Ягненок, завидев матку, с блеянием бросился к ней, ткнулся мордочкой ей под брюхо, но отскочил, таращась на ее перебинтованные ноги, от которых исходил запах лекарства. Белолобая, успокаивая, лизнула его в курчавую головенку, и ом вновь потянулся к ней.
Орамет и Ходжав присоединились к храпевшим ребятам и через минуту так же, как они, забылись в тяжелом беспробудном сне. Старику явно нездоровилось. Запавшие глаза его лихорадочно блестели. Он тихонько постанывал, видимо даже не замечая этого.
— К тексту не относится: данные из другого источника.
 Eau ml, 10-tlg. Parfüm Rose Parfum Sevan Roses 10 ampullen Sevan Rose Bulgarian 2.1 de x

– Болит что-нибудь? – спросил я тихо.
– Голова…
Я раскрыл портфель, забыв, что в этот раз, когда я собирался в дорогу, Садап не было дома. Обычно она, не слушая моих возражений, первым делом укладывает в портфель градусник и лекарства от десятка болезней, начиная от анальгина и кончая горчичниками.
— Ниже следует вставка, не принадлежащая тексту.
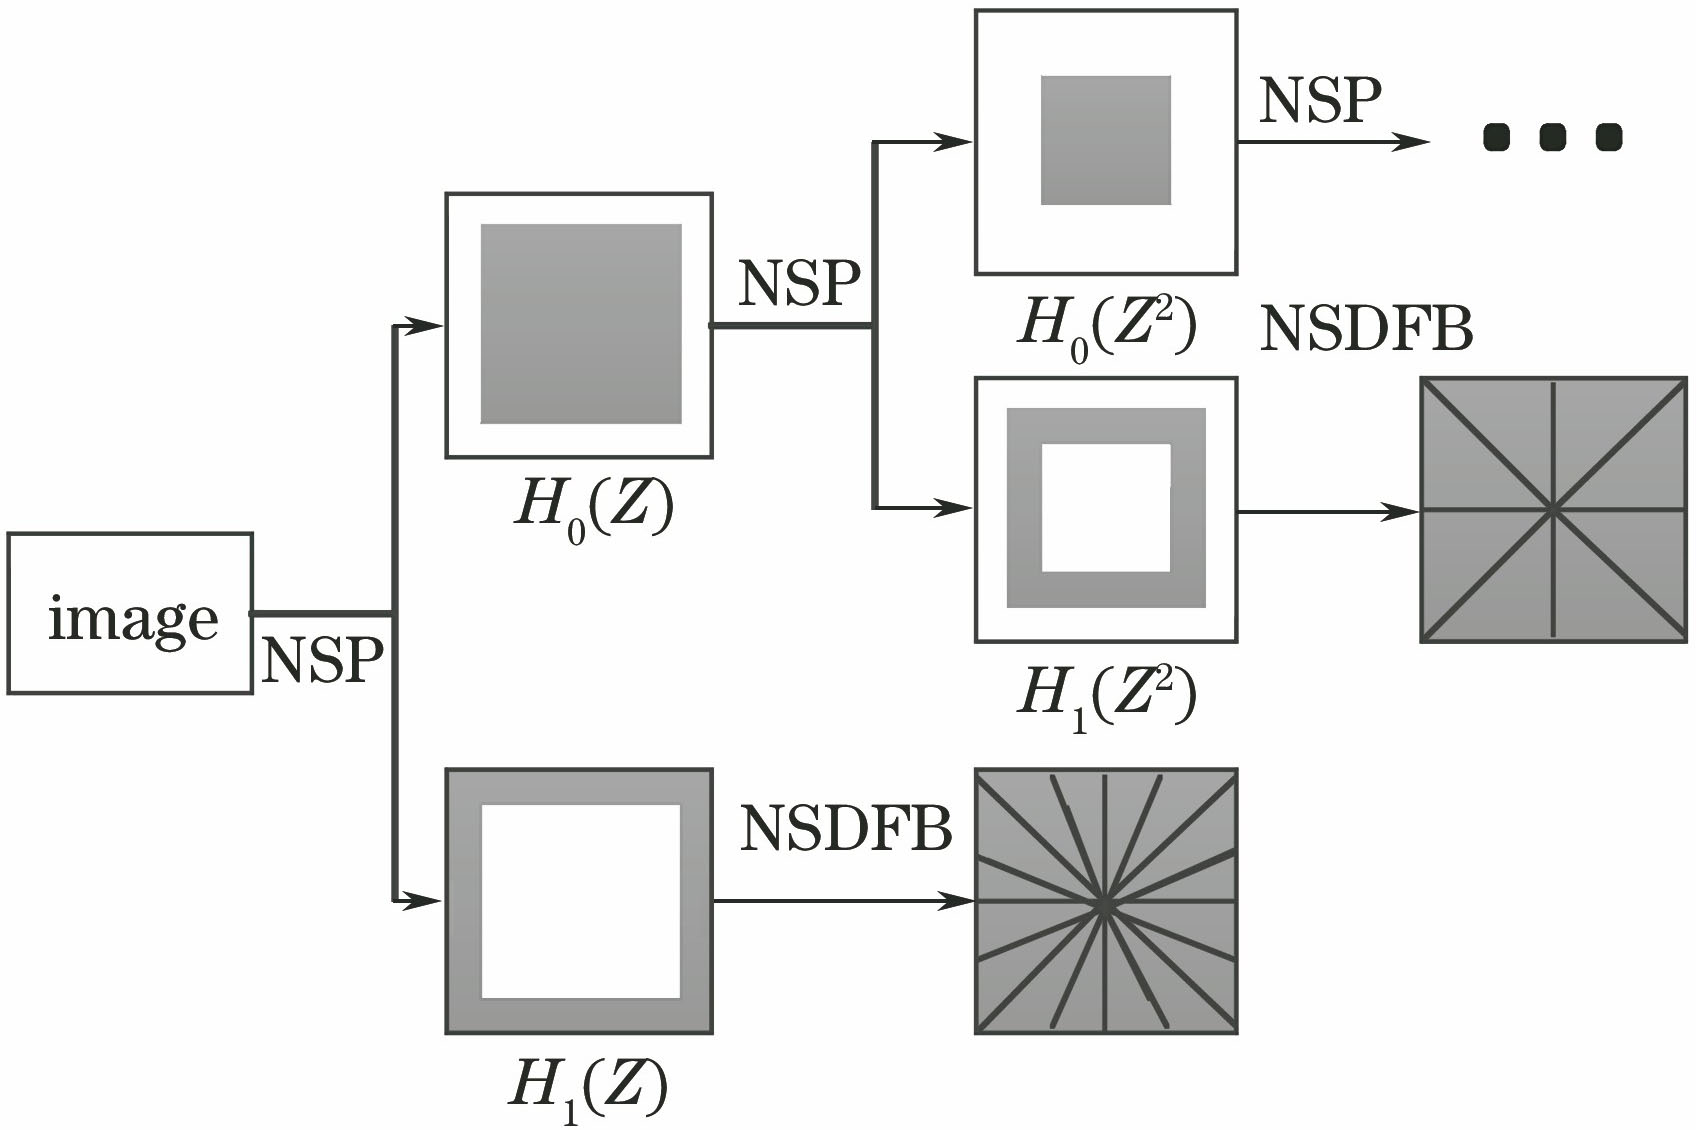 Non-subsampling filter model

Как ни удивительно, но вся походная аптечка и сейчас лежала в портфеле. Когда Садап успела ее положить? Заранее? Или она осталась от прежней поездки?
– Поставьте, Каратай-ага! А это – проглотите.
Я подал ему градусник и таблетку аспирина. Старик с недоверием взял и то и другое.
– Знаю, в госпитале ставил, – ответил он на мои объяснения, как ставить градусник.
– Пришлось повоевать, яшули?
– Четыре года с автоматом…
– Сколько же фашистов убили?
– Кто знает! Я что-то не очень верю точному счету. Спроси меня, сколько я волков убил? Опять не знаю. Не ради счета убиваю, ради жизни. Волки нынче до бешенства доходят, на людей бросаются. В соседней отаре на днях восемь овец унесли. Что их считать – их стрелять надо! Так и на фронте. "Родина в опасности!" – и весь разговор. "Ура!" – и пошел! Не только о победах – об оставленных городах по радио сообщали. Родина в опасности! Страшно, да знаешь: отступать некуда! Одна мысль: устоять, побольше фашистов уложить. А считать их – не мое дело.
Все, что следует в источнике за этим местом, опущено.